SmartEdit
SmartEdit copied to clipboard
Qformer mm_projector issue
Hello, thanks for ur amazing work! I have a problem when running this code, could u help me to solve it?
When I train the script DS_MLLMSD11_train.py, I encountered this error.
File "/SmartEdit/model/DS_MLLMSD11_model.py", line 243, in load_pretrain_MLLM_alignment
mm_projector_param = {'weight': weights.pop('mm_projector.weight'), 'bias': weights.pop('mm_projector.bias')}
KeyError: 'mm_projector.weight'
The directory of the SD_QFormer_conversation_33tokens is: /SmartEdit/checkpoints/stage1_CC12M_alignment_7b/embeddings_qformer/checkpoint-150000.bin
In addition, I run the stage1 inference code successfully.
The qformer model trained in the first stage is a 6 block bert-based model. I print the keys in the model weight dict, it seems that the model doesn't contain "mm_projector" item.

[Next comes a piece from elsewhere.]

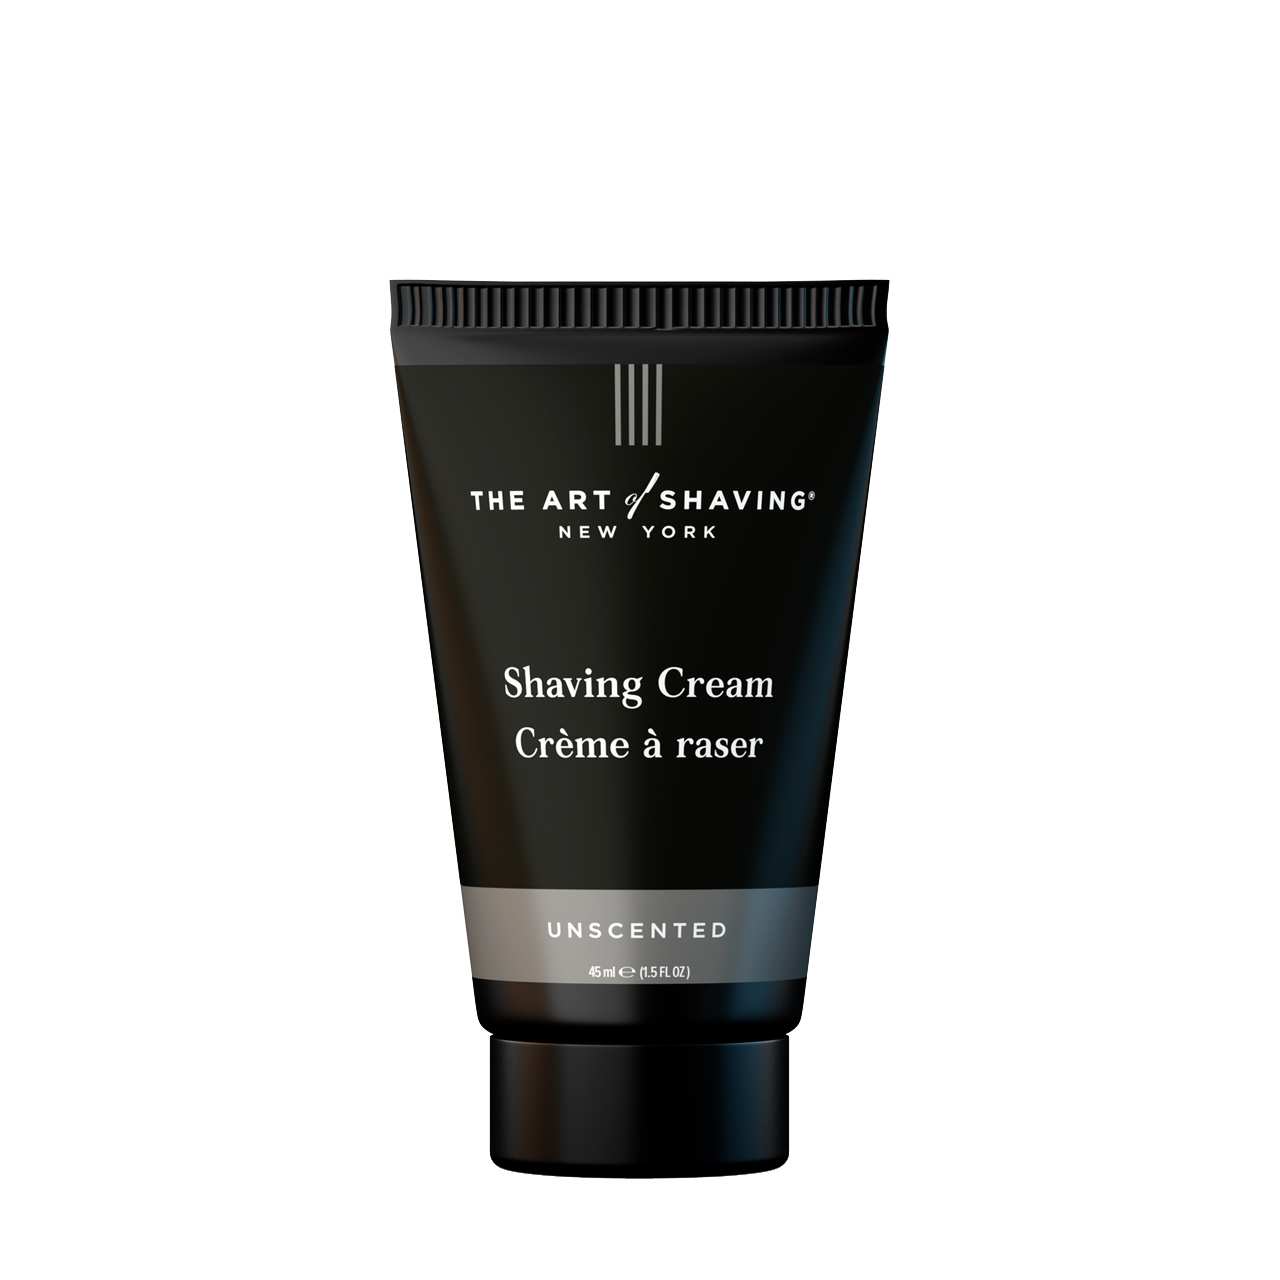 Unscented Shaving Cream 1.5 oz - Image 1

And there is another question that I'm confused about, I think the "mm_projector" module only contains in the llava module, its functionality is to convert the image embedding(using vit) in the image latent space into the text latent space. I have no idea why qformer module needs mm_projector module. I think these two are completely different things.